As to your question whether a BXA QCTP will work with a 9" lathe, the issue is whether a  tool placed in the tool holder will be at or below the spindle center line when the tool holder is at its lowest position which is usually the top of the compound. If you go to one of the vendors for BXA tool posts, you will find dimensions for the tool holders and you can compare the height of the  bottom shelf of the tool holder plus the tools you expect to use with your spindle to compound distance. 
For example Shars shows a 1/2" height for the shelf and with a 1/2" tool bit, the minimum height above the compound that the tool can be set is 1".  If the centerline to compound distance is less than 1", you will not be able to set the tool to the centerline.  You could, of course, use 3/8" tool bits which would then put the minimum height at 7/8".


----------



## paul_c (Mar 7, 2017)

RJSakowski said:


> As to your question whether a BXA QCTP will work with a 9" lathe, the issue is whether a  tool placed in the tool holder will be at or below the spindle center line when the tool holder is at its lowest position which is usually the top of the compound. If you go to one of the vendors for BXA tool posts, you will find dimensions for the tool holders and you can compare the height of the  bottom shelf of the tool holder plus the tools you expect to use with your spindle to compound distance.
> For example Shars shows a 1/2" height for the shelf and with a 1/2" tool bit, the minimum height above the compound that the tool can be set is 1".  If the centerline to compound distance is less than 1", you will not be able to set the tool to the centerline.  You could, of course, use 3/8" tool bits which would then put the minimum height at 7/8".
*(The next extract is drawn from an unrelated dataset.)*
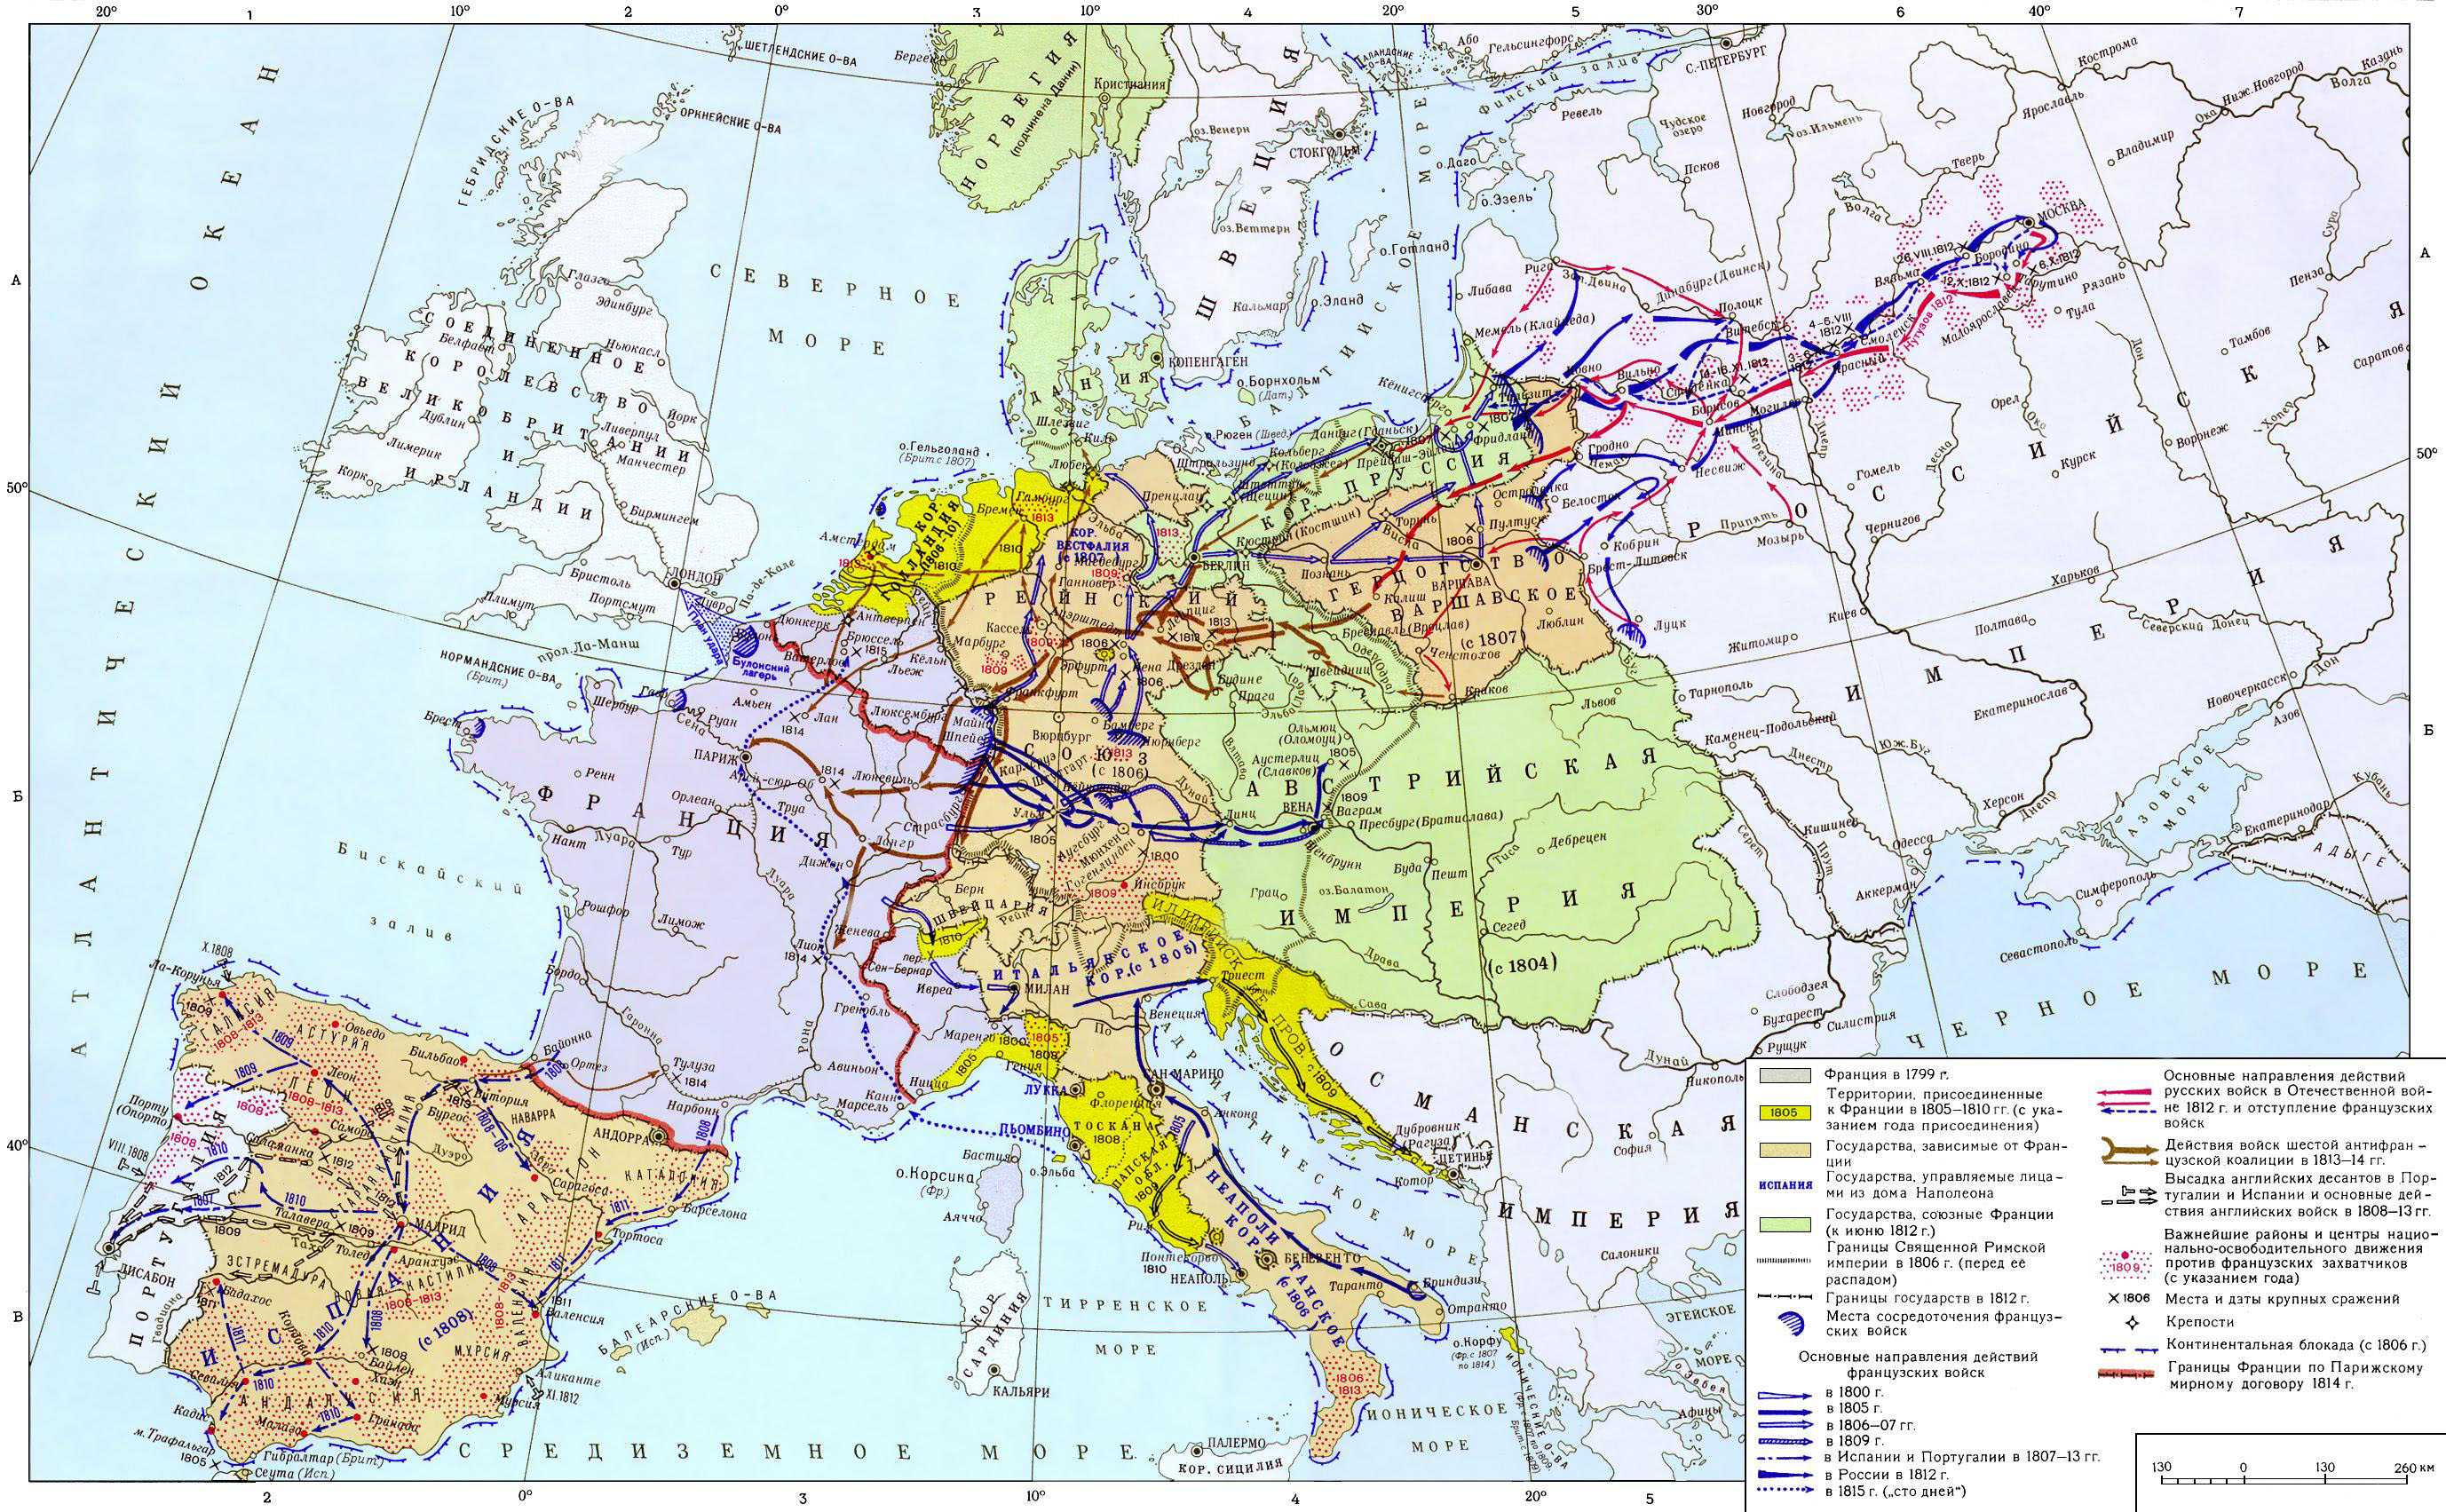 Наполеоновские войны карта. Карта Европа в период наполеоновских войн 1799-1815. Европа в период революционных и наполеоновских войн 1799-1815. Европа в годы наполеоновских войн 1800-1815. Карта войны Наполеона в Европе.

Yes I know, if you see my original post, I realize tool height can be an issue. I have oversize AXA holders for 5/8" shanks, but not 3/4". I guess I'll grind down, thanks all

Sent from my SCH-I535 using Tapatalk


----------



## darkzero (Mar 7, 2017)

You already got your answer regarding a BXA being too big for a 9" lathe but just to give you an idea....

I have a 12x lathe with a BXA. Oversize holder is 3/4" I have barely enough room to get a 3/4" shank tool on centerline.

Dorian's current holders are "extreme" oversize, they go up 2 shank sizes. So Dorian's current holder accepts up to 3/4" shank for AXA. This would fit your tool post & tool you are asking about but you still may not have enough room to get that 3/4" tool on center.

I have a Dorian "extreme" oversie tool holder that again goes up 2 shank sizes. But I don't have enough room to get a 1" shank tool on center line.

Info in post #8 http://www.hobby-machinist.com/threads/upgrading-to-a-qctp-advice-please.26610/#post-234322


----------